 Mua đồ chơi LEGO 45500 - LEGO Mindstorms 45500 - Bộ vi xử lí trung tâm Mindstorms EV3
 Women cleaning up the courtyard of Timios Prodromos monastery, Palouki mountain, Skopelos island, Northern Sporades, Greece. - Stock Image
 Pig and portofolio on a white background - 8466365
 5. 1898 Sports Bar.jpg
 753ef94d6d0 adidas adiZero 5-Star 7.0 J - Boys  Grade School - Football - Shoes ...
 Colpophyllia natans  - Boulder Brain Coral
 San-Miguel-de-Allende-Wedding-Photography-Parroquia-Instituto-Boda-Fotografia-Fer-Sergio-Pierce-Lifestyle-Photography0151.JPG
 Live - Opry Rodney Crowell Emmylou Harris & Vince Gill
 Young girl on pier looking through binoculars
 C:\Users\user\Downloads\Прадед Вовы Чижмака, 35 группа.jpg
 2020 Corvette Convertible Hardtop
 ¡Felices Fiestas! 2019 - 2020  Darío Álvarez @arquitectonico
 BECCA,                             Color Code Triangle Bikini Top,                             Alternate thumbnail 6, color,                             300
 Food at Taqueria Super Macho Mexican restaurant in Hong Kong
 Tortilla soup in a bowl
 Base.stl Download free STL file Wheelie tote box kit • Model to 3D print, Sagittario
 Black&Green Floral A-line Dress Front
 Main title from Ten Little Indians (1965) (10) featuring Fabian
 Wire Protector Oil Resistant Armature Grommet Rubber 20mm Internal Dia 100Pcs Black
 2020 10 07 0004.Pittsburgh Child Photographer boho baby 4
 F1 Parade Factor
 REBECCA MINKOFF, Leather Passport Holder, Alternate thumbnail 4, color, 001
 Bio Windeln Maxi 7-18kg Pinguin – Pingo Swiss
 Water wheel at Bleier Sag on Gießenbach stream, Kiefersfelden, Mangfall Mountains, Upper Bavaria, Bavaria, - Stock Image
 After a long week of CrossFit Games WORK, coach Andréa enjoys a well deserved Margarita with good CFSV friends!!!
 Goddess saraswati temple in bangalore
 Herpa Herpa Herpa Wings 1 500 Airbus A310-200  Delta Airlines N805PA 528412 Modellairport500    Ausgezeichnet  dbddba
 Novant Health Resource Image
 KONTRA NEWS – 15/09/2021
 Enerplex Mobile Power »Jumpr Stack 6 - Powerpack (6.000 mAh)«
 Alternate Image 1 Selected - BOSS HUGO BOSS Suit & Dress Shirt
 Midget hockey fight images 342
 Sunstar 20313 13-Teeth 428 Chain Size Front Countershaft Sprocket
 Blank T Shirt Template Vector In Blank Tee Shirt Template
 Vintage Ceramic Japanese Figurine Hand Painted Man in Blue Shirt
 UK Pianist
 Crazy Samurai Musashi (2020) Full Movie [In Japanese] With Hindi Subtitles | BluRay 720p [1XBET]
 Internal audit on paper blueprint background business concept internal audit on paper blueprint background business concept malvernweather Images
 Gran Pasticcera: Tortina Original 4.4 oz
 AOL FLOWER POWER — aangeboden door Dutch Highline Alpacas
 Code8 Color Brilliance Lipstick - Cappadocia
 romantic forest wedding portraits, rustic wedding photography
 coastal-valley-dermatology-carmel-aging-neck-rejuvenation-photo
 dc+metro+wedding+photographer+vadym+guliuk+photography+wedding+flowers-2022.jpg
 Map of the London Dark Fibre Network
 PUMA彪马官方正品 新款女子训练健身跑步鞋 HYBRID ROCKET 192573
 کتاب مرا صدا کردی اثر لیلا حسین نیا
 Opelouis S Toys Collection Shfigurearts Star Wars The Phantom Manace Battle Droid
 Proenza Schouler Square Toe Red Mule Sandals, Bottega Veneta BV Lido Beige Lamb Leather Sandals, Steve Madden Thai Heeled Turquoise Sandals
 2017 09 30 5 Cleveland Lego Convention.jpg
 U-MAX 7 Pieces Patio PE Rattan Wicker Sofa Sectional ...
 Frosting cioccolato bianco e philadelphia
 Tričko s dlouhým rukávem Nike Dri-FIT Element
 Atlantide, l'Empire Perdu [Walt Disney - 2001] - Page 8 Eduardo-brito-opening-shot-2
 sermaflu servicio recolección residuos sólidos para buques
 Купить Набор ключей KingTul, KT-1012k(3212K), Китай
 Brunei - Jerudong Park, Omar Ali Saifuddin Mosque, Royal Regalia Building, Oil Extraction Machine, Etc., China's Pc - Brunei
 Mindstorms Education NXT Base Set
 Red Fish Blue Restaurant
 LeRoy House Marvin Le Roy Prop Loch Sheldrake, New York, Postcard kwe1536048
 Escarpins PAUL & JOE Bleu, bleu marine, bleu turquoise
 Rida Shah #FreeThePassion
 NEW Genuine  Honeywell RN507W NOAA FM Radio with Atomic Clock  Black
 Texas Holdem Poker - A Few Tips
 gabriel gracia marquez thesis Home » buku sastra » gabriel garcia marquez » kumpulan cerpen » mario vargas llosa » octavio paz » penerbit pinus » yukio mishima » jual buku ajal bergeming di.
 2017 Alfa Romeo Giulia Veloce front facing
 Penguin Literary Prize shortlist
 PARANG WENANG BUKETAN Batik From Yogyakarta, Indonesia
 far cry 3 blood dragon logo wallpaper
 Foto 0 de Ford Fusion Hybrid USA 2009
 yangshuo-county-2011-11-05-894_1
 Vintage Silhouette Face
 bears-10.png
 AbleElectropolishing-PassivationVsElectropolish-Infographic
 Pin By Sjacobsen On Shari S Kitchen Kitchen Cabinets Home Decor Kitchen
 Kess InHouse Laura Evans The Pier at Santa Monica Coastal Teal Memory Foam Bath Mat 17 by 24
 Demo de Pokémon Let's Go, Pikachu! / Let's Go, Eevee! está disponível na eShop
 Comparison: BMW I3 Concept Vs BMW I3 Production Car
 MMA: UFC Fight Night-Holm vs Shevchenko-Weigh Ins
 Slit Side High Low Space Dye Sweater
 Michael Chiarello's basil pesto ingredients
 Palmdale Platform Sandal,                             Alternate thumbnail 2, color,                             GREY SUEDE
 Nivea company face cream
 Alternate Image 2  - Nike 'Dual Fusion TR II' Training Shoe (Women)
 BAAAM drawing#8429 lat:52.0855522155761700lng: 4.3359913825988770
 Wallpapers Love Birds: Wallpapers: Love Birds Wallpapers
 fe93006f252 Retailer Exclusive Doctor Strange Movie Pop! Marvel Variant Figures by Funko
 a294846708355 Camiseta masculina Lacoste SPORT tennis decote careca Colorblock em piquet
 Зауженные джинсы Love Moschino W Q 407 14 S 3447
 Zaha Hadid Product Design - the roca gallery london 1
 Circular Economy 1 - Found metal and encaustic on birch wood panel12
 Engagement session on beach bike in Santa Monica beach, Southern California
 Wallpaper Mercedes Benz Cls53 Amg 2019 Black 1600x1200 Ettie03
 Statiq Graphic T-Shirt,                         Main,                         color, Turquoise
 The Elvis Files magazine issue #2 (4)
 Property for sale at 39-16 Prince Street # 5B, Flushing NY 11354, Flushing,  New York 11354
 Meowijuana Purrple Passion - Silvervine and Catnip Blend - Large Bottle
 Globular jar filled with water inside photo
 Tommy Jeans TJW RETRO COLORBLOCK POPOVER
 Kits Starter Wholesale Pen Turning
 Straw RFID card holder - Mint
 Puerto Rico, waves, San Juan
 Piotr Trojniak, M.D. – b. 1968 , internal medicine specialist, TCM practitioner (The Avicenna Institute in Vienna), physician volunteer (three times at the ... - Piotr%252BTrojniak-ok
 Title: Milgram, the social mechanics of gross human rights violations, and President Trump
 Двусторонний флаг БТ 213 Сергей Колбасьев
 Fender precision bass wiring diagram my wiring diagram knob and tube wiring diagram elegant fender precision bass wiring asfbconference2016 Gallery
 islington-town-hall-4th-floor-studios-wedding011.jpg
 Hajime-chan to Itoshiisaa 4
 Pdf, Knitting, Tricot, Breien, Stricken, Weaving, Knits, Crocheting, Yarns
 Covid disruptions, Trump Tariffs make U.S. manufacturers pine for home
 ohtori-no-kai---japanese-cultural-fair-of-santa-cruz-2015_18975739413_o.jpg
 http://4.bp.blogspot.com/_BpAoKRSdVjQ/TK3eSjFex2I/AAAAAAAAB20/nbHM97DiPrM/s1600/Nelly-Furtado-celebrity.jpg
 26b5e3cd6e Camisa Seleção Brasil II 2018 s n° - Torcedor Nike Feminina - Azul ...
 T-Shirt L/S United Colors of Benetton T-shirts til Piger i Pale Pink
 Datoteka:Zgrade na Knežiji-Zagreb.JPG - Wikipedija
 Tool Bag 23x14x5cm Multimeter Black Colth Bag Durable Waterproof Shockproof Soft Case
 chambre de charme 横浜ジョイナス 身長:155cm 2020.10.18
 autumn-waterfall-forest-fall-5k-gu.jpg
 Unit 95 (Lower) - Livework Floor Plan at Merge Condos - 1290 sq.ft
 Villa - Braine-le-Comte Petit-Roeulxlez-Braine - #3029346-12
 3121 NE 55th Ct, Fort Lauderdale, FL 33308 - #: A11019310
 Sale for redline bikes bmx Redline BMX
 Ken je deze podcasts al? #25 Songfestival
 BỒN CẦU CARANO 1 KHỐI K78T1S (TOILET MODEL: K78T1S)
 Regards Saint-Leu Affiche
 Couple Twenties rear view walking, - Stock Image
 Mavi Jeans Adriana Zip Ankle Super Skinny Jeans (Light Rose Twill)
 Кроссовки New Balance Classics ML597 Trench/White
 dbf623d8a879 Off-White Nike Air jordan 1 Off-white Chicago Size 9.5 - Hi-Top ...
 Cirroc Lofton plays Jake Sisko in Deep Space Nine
# # # # #
Assigned task:
The lines from the one holding "Ken je deze podcasts al? #25 Songfestival" to the final line of the entries, both included, are what should be output, exactly and alone.

Your response:
 Ken je deze podcasts al? #25 Songfestival
 BỒN CẦU CARANO 1 KHỐI K78T1S (TOILET MODEL: K78T1S)
 Regards Saint-Leu Affiche
 Couple Twenties rear view walking, - Stock Image
 Mavi Jeans Adriana Zip Ankle Super Skinny Jeans (Light Rose Twill)
 Кроссовки New Balance Classics ML597 Trench/White
 dbf623d8a879 Off-White Nike Air jordan 1 Off-white Chicago Size 9.5 - Hi-Top ...
 Cirroc Lofton plays Jake Sisko in Deep Space Nine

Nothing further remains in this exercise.